Сначала была Голгофа.
Он стоял на эшафоте, ослепленный после томительных месяцев угрюмой одиночки серостью зачинающегося петербургского утра 22 декабря 1849 года. Самого обычного для всех и последнего теперь уже, наверное, для него.
До смерти оставалось несколько минут. Троих уже привязывали к столбам. Прозвучала какая-то команда, он ее не расслышал, но увидел, как серые солдаты подняли ружья на изготовку. А в ушах, во всем существе еще глухо отдавалось неотвратимое: "...Отставного инженер-поручика Достоевского... подвергнуть смертной казни расстрелянием..."
Сквозь морозные клубы дыма, стоявшего над серыми домами, вдруг выбился луч солнца, сверкнул на золоченом куполе собора, ударил в глаза неизъяснимым светом. Но он стоял на эшафоте, и жить ему оставалось минут пять, не больше.
Глухо раздалось: "На прицел!", и черные ружья напряженно вытянулись к приговоренным. "Момент этот был поистине ужасен, — вспоминал потом один из осужденных. — Сердце замерло в ожидании, и страшный момент этот продолжался с полминуты..." Барабанная дробь будто разрезала холодное молчание декабрьского утра, и шестнадцать ружей мгновенно уставились в небо... И словно из невозможного сна сознание начало увязывать в смысл чужие, отрывистые, как дробь барабана, слова:
Его величество по прочтении всеподданнейшего доклада... повелел вместо смертной казни... Отставного инженер-поручика Федора Достоевского... в каторжную работу в крепостях на четыре года, а потом рядовым...
Жизнь...
Она вся "пронеслась вдруг в... уме, как в калейдоскопе, быстро, как мо
"Брат! Я не уныл и не упал духом, — писал он вечером, после только что пережитого перед лицом смерти, в ожидании, теперь уж совсем недолгом, сибирской каторги. — Жизнь везде жизнь, жизнь в нас самих, а не во внешнем. Подле меня будут люди, и быть человеком между людьми и оставаться им навсегда, в каких бы то ни было несчастьях не уныть и не пасть — вот в чем жизнь, в чем задача ее. Я сознал это. Эта идея вошла в плоть и кровь мою...

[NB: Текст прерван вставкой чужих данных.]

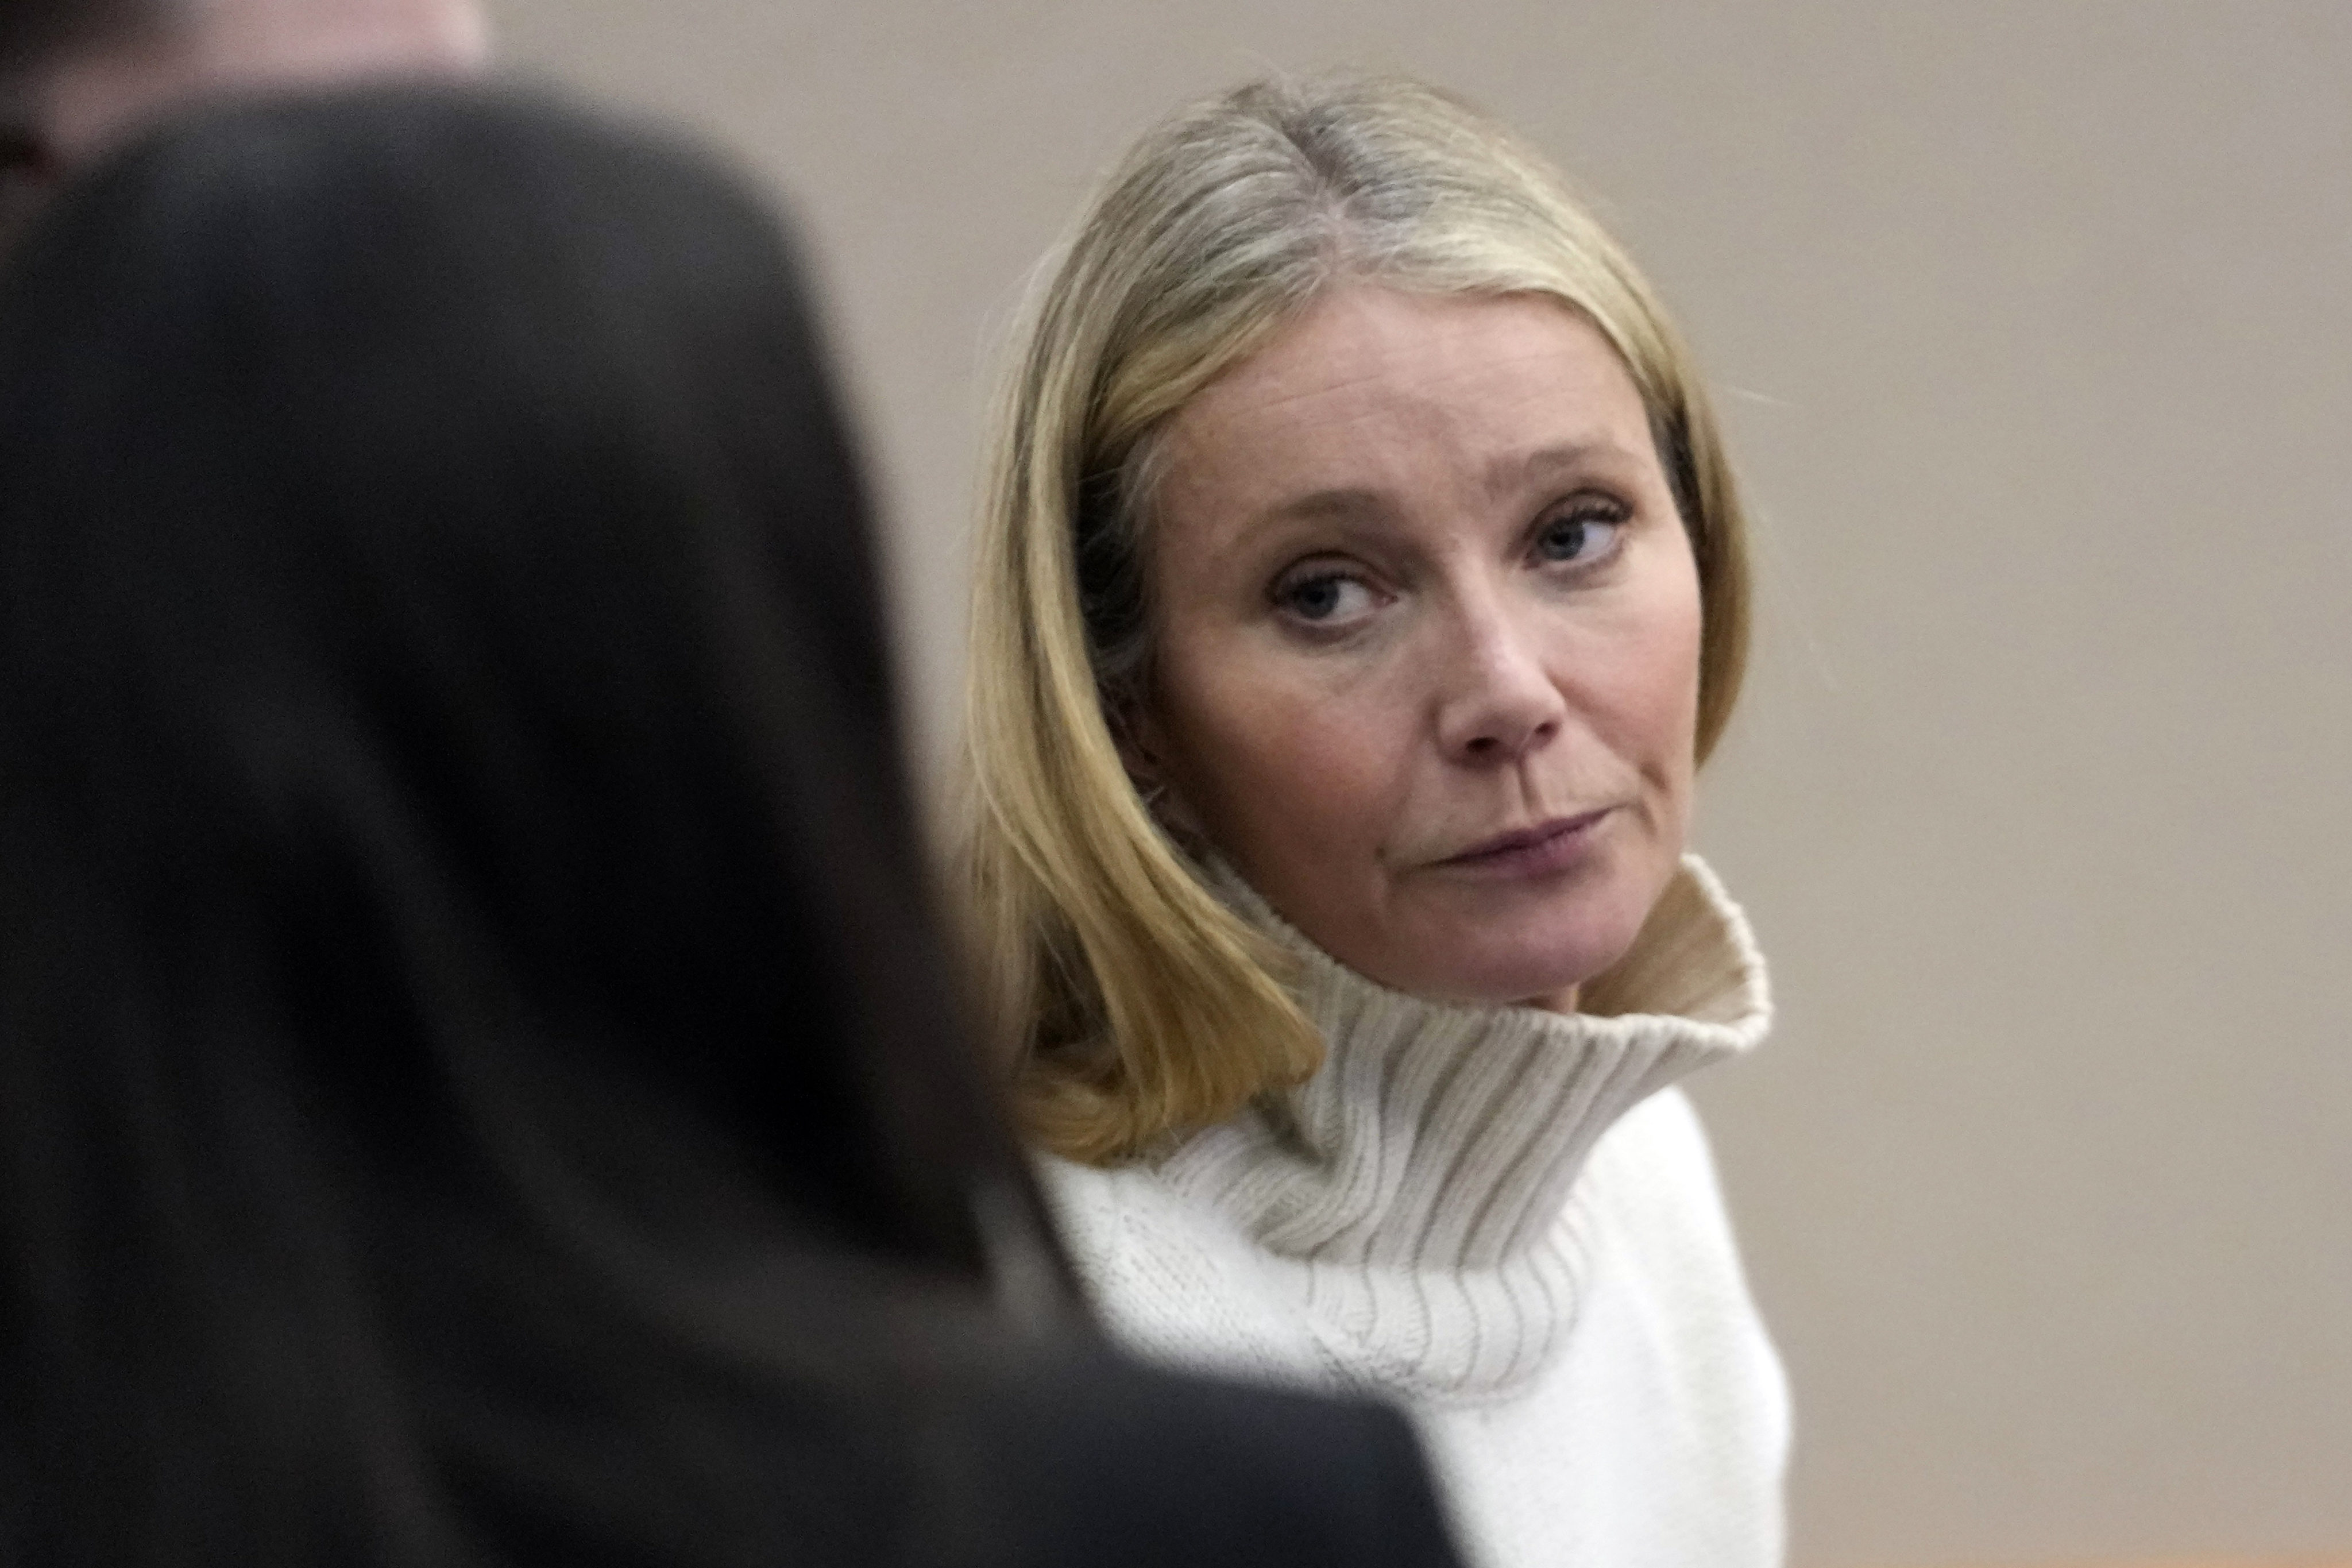 Gwyneth Paltrow is seen in court in Park City, Utah, on Tuesday. Photo: AP

Как оглянусь на прошлое да подумаю, сколько даром потрачено времени, сколько его пропало в заблуждениях, в ошибках, в праздности... как не дорожил я им, сколько раз я грешил против сердца моего и духа, — так кровью обливается сердце мое. Жизнь — дар, жизнь — счастье, каждая минута могла быть веком счастья... Теперь, переменяя жизнь, перерождаюсь в новую форму. Брат! Клянусь тебе, что я не потеряю надежду и сохраню дух мой и сердце в чистоте. Я перерожусь к лучшему..."
Он сдержит клятву. Он "умрет" в Мертвом доме, как зерно, падшее в землю, чтобы принести много плодов...
Ровно через десять лет Достоевский вновь вернется в Петербург. Вернется не сломленным, но с новой верой. В нем останется все то же — и даже окрепнет, обретет почву — "духа мощное господство", но человек, прошедший через все круги ада и вернувшийся вновь к жизни, не может быть прежним.